Many of us feel the stresses of everyday life but how are you managing your stress? Do you brush it under the carpet, and hope it goes away? Do you maybe avoid experiencing it, yet often have various physical symptoms, such as abdominal discomfort, headaches, or painful and tense muscles? Or do you give yourself regular ‘me-time’ in order to ease the stress?
Mindfulness is an excellent way to reduce stress and anxiety, and improve depression and low mood. According to Jon Kabat-Zin, “Mindfulness means paying attention is a particular way; on purpose, in the present moment”. Marsha Linehan’s view is that “Mindfulness is taking control of your mind rather than allowing your mind to be in control of you”. Mindfulness is not meant to ‘work’, relax you, change things, stop your mind wandering, make you more cheerful, turn negative experiences into positive ones; it’s not about trying to get somewhere – it’s about trying to be somewhere - right here, right now (Dunkley & Stanton, 2014).

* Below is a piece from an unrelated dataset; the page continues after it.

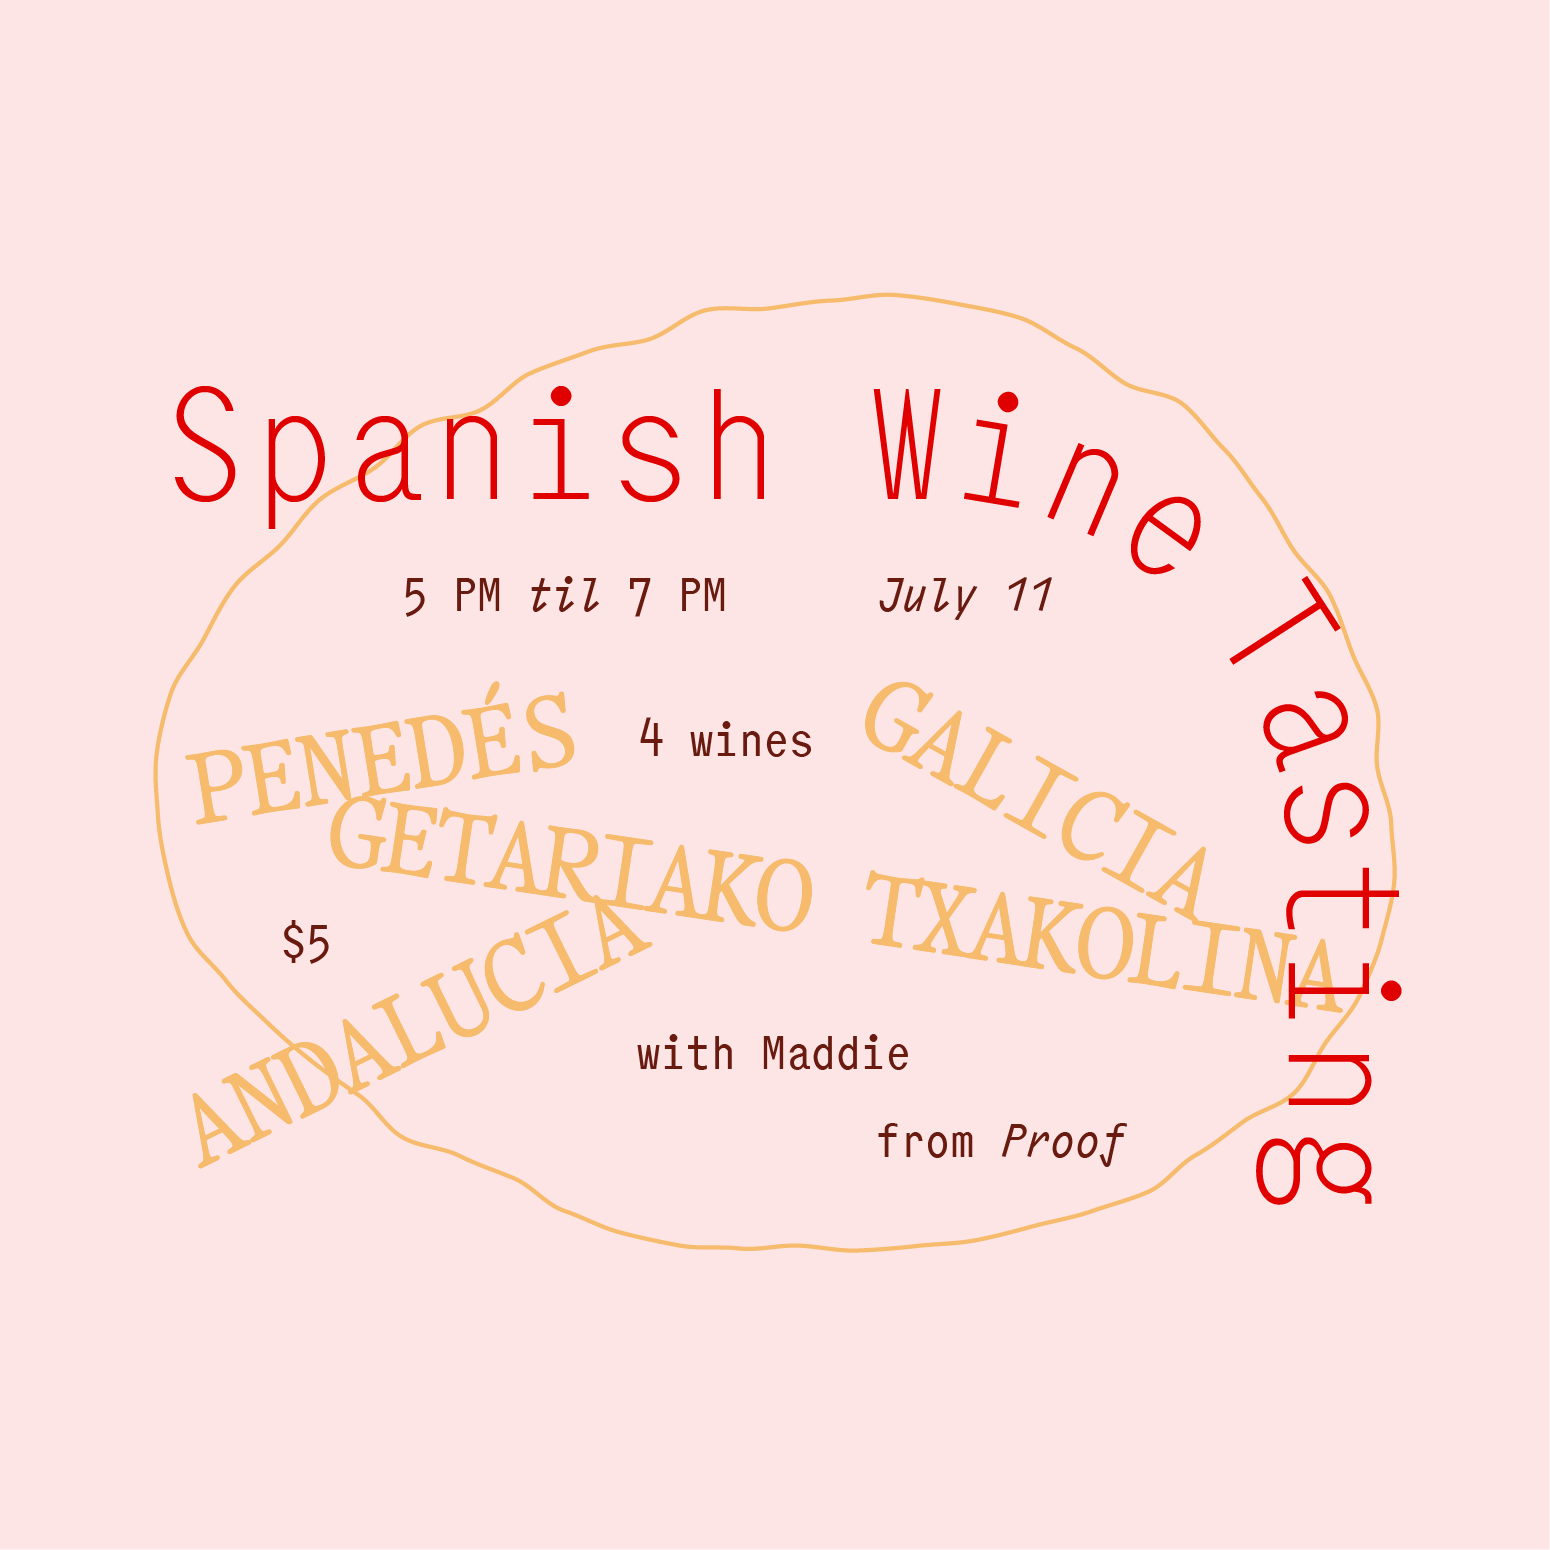 SPANISH WINE TASTING

Mindfulness is now one of the recommended treatments for depression by the NICE Guidelines (click here for further information). Following further training & reading on Mindfulness, I have introduced it to my therapeutic work as well. Many of my clients have felt the benefits of Mindfulness, and continue practising it.
If you are interested in Mindfulness, please do not hesitate to contact me. Here is a very good Mindfulness exercise as a taster for you (click here).
Good mental health to you.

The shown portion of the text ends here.